PS :Embarrassment: lha uma coisa esse Paracanthurus hepatus sabes que daqui algum tempo o aquario vai ser pequeno para ele?Porque precisa de um bom espaço para nadar,já tives-te conhecimento disso?

Temos de trocar mensagens por messenger o meu mail é este:m.supersonic@hotmail.com 

um abraço amigo Nuno :SbOk3:   de Pedro

----------


## João M Monteiro

Nuno,

O teu aquário está muito bonito e com a rocha e corais bem distribuídos. Estou curioso para acompanhar a evolução.

Não posso, porém, deixar de fazer um reparo: o aquário é muitíssimo pequeno para esse Paracanthurus hepatus. O teu peixe ainda é "uma criança" mas vai crescer, muito e depressa. Daqui a alguns meses/1 ano terá poucas hipóteses de sobrevivência saudável num aquário tão pequeno. 
Para essa dimensão de aquário, aconselho-te a não colocar qualquer cirurgião.

----------


## Nuno Silva

Olá Pedro e João Monteiro,

Obrigado pelos vossos comentários. Realmente este aquario é muito pequeno para qualquer peixe bem dizendo. Mas eu tenho consciência disso.
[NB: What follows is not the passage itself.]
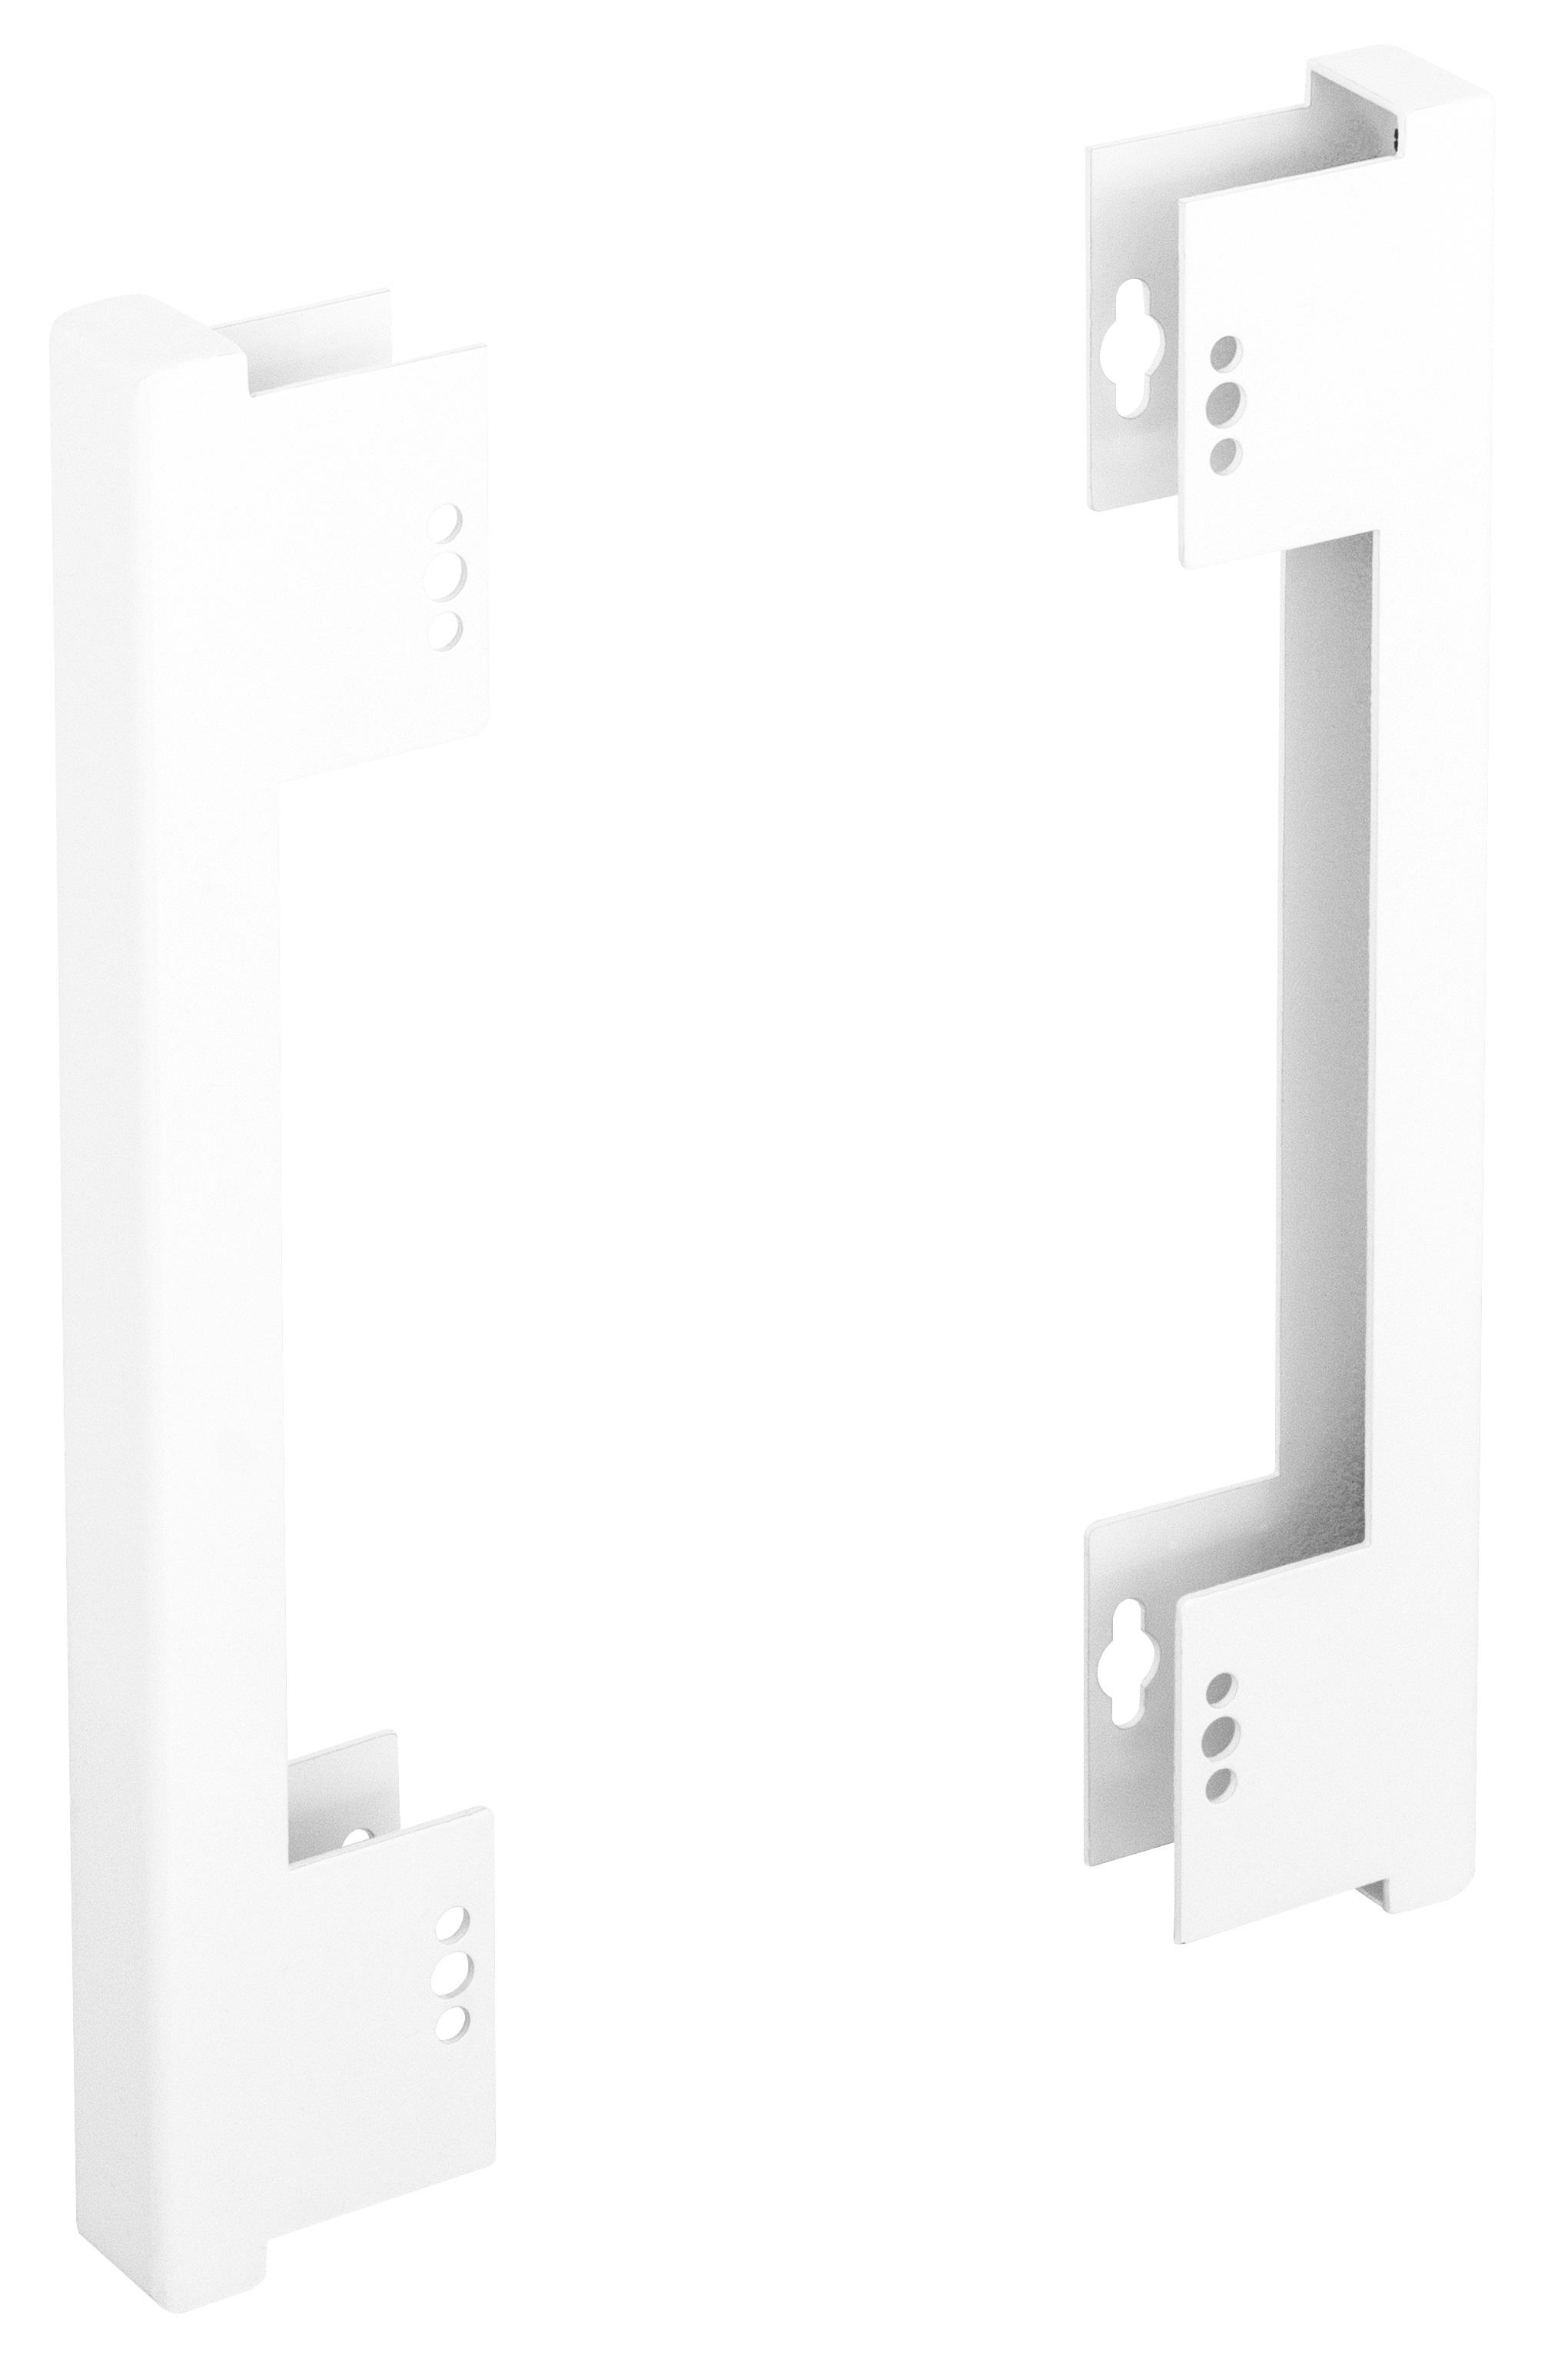 1 Stk Seiten- Montageset für DW4Hx1…, T=30mm, H=166mm, RAL7035 DW4HZMS1--

Já tive neste aquario outros peixes que troquei por serem demasiado grandes, não gosto de manter peixes em ''sacos''. Mas no entanto para o tamanho que o hepatus apresenta o aquario vai servindo. Já noto algum crescimento no peixe e quando ele ficar demasiado grande eu troco-o ou vendo-o. Para dizer a verdade o peixe será uma boa desculpa para mudar de aquario :Coradoeolhos:  

Pedro, eu já adicinei kalk ao sistema, gota a gota, e sei bem como fazê-lo. Mas eu dou muito valor ao aspecto estético do aquario e não gosto de ter um garrafão em cima dele a pingar. Fica feio. Por isso vou mudar para o biocalcium que apesar de ser mais caro, resolve-me a problema estético e acho que melhorará a saúde do aquario.

Abraços

----------


## Alfredo R Deus

O aquário tá com um layout 5 estrelas. Tem poucas rochas mas grandes e bem encaixadas. Uma zona de plates à esquerda e no total 3 montes de diferentes alturas.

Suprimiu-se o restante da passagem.